We hope you can find ways to hold onto hope and we know you can be a hugely powerful force in helping your loved one shift their motivation towards positive change. While you might be tempted to express your upset by confronting your loved one or slamming a few doors to make your point, years of research suggest that this type of direct confrontation does not work. In fact it can push them in exactly the opposite direction from what you want.
It can be helpful to understand that using substances is a motivated behavior with an expected outcome. Drugs and alcohol work in many different ways for people, for some they reduce anxiety or depression in the short term. Or they quiet nightmares, or increase social confidence, or numb out feelings of loss. These are the effects that reinforce continued use. Your loved one is not using because they are defective or wanting to provoke you. They are using because the substance gives them something they feel that they need.

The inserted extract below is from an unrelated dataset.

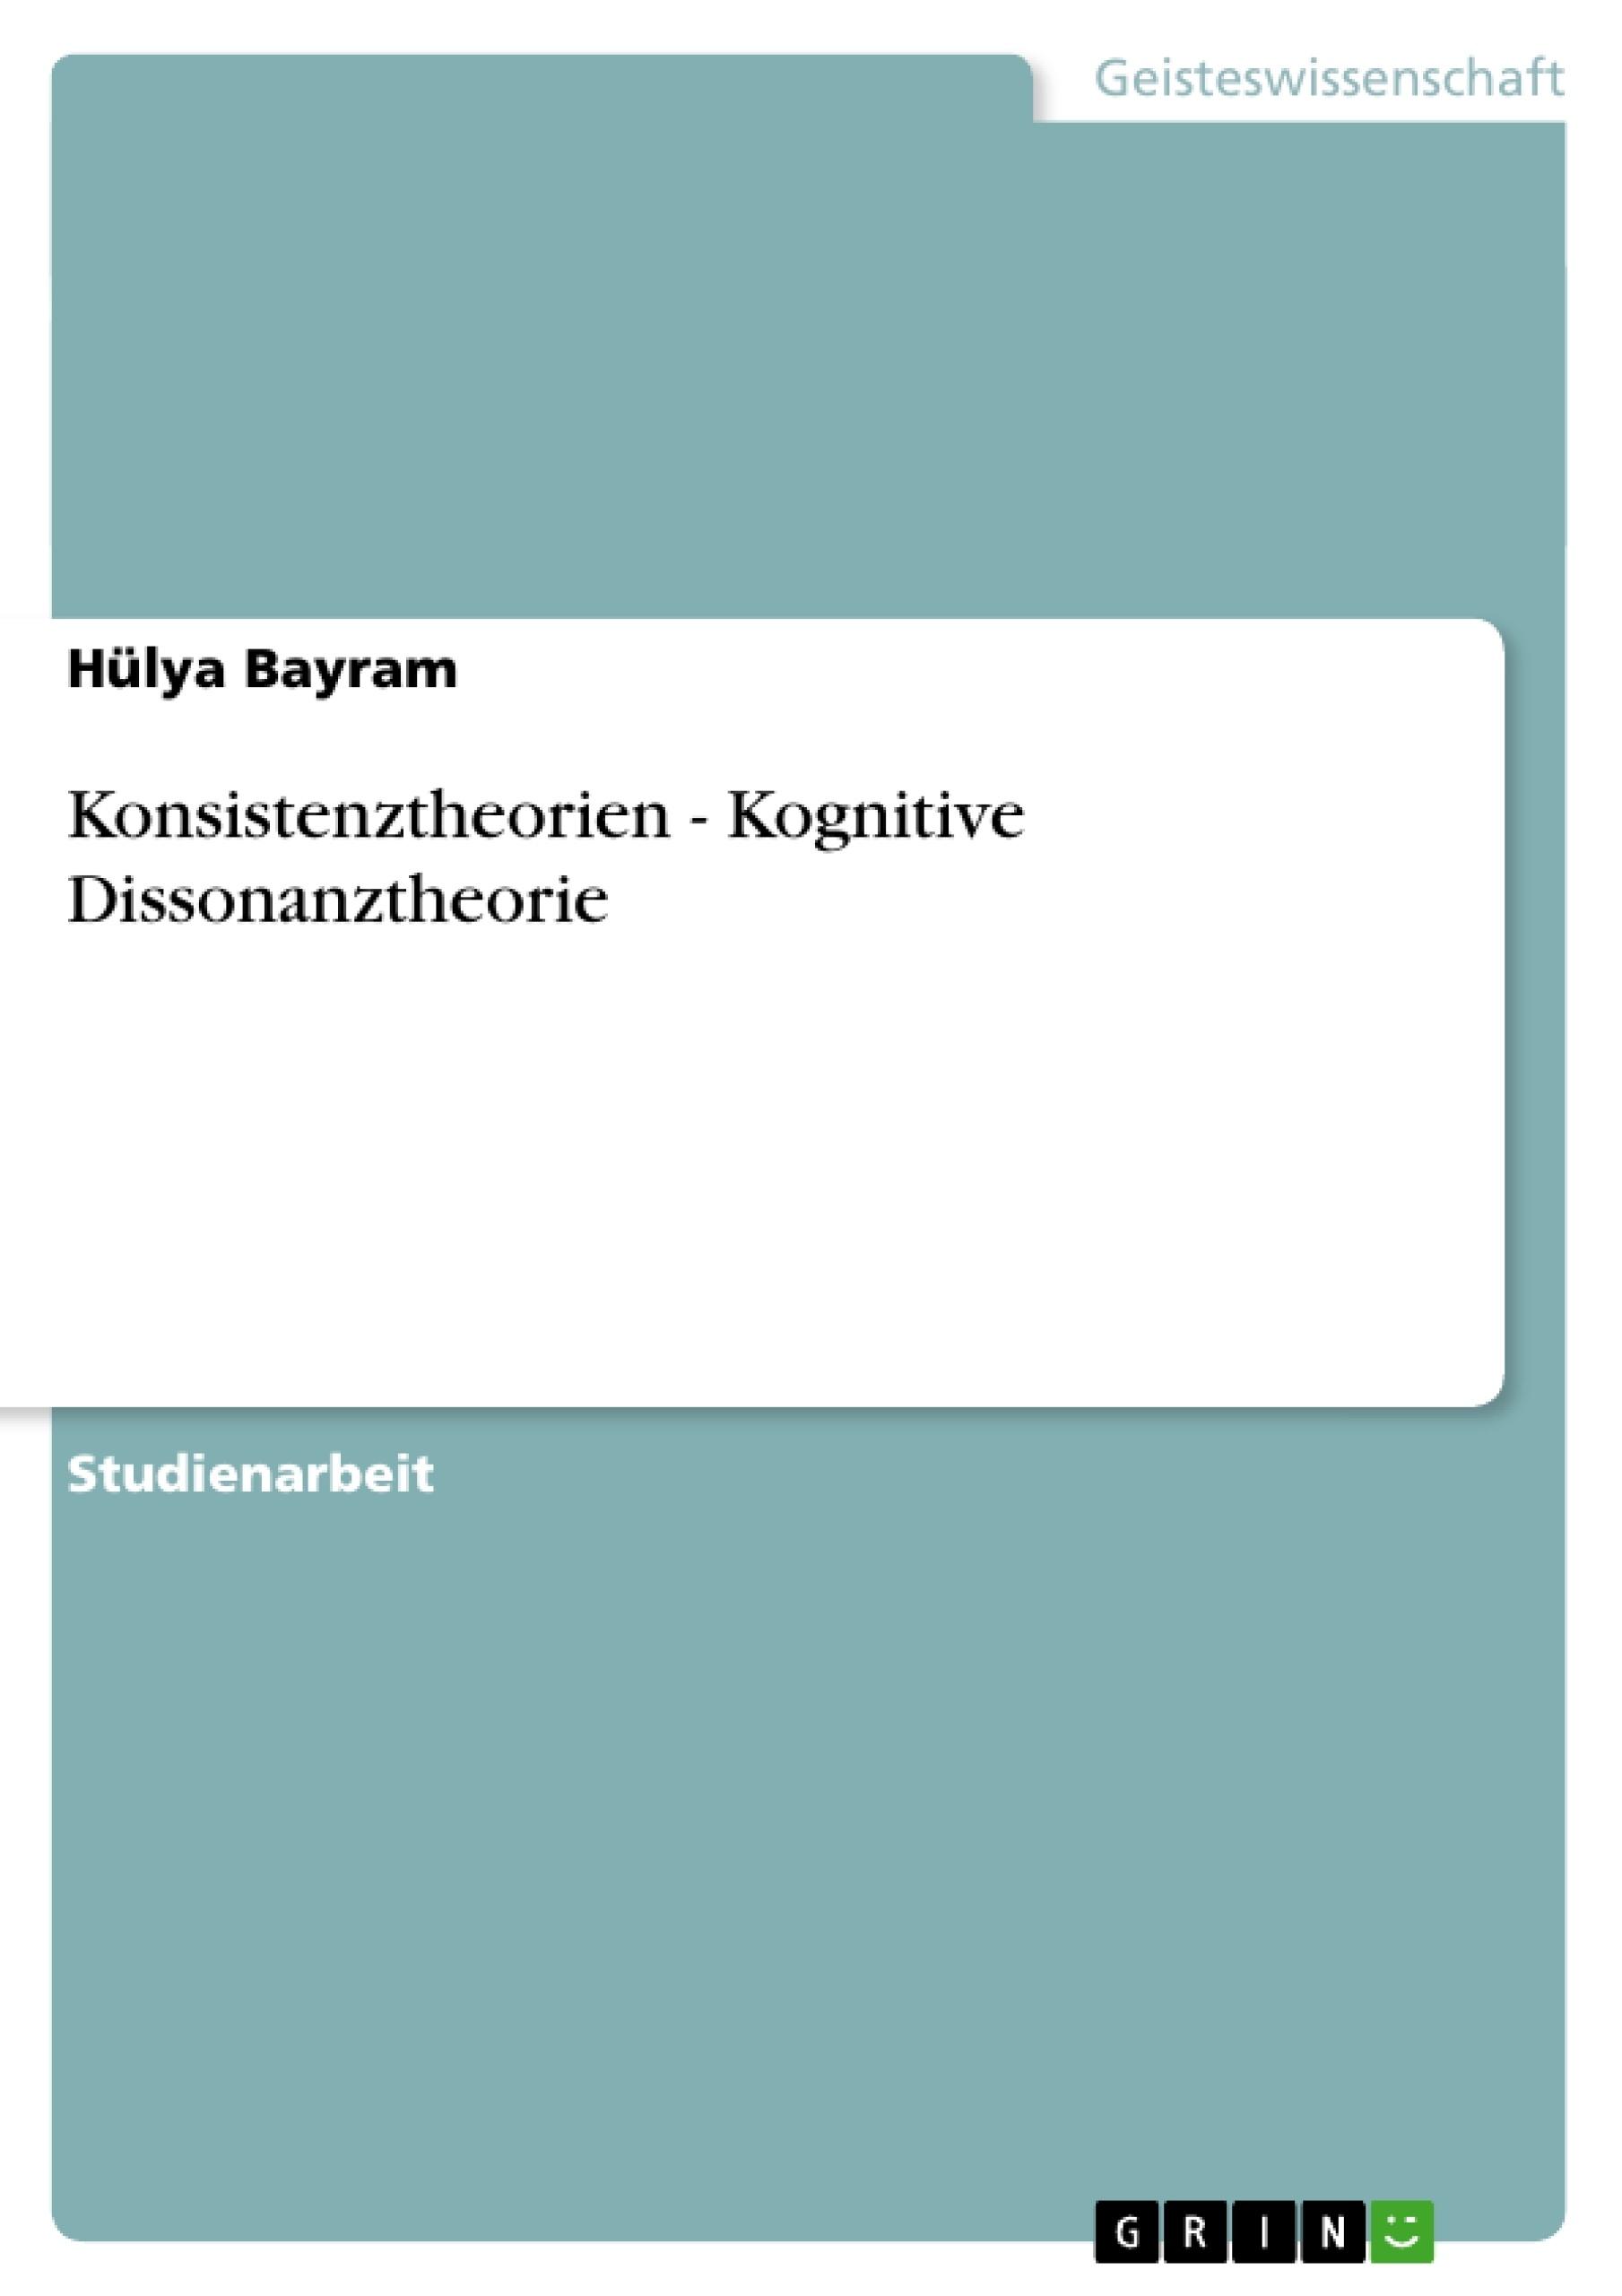 Titel: Konsistenztheorien - Kognitive Dissonanztheorie

Understanding this can help you take take it less personally which will reduce tension in your home and in your mind. A reduction in tension never hurt anyone and with a calmer brain you can start to think through how else some of these needs could be met without substances. It can also help you realize that, when a behavior feels like it is working, if even in the short term, there will be ambivalence about giving it up.
If you take all of this into consideration you can turn to the things you can influence. How you talk about the problem and how you act in response to it matter a lot and are under your control. Learning to communicate positively, respectfully and collaboratively takes practice but can change the whole atmosphere of your household or relationship. When you can start to have conversations about the problem without blow ups or shut downs, things can start to change. You can also help by noticing the positive actions your loved one takes since most of your attention understandably has been focused on all that they are doing wrong. It’s normal to focus on what is going wrong when you are angry or frightened, but it does not compete much with the reinforcing qualities of the substance use. Starting to reward and notice any positive steps toward the healthy behavior you hope to see can be like watering a parched plant. As the water is absorbed the plant starts to thrive. When noticing good behavior is combined with letting “natural consequences” play out and shape your loved one’s behavior, you can create a world in which positive change can take place.
The most important thing you can do however is to take care of yourself through all this. Helping someone you care about navigate a problematic relationship with substances is not typically a short term sprint, and is sometimes a marathon. You need to take care of yourself regularly and methodically to keep the tank fueled up and functioning well if you are going to be there at the finish line, and continue to help them get there. This is especially hard for parents to hear, and again this is why family is so powerful: you’ll always go that extra mile no matter what, when no one else would. We want you to respect and care for that compassion and energy you bring..it’s your most valuable resource.
These ideas are not just our good ideas; they are research tested and proven, and they are a roadmap for families to use. There is reason to be optimistic…change takes knowledge, practice, patience, being willing to try new things, and taking care of yourself. We hope you find these tools useful in your journey.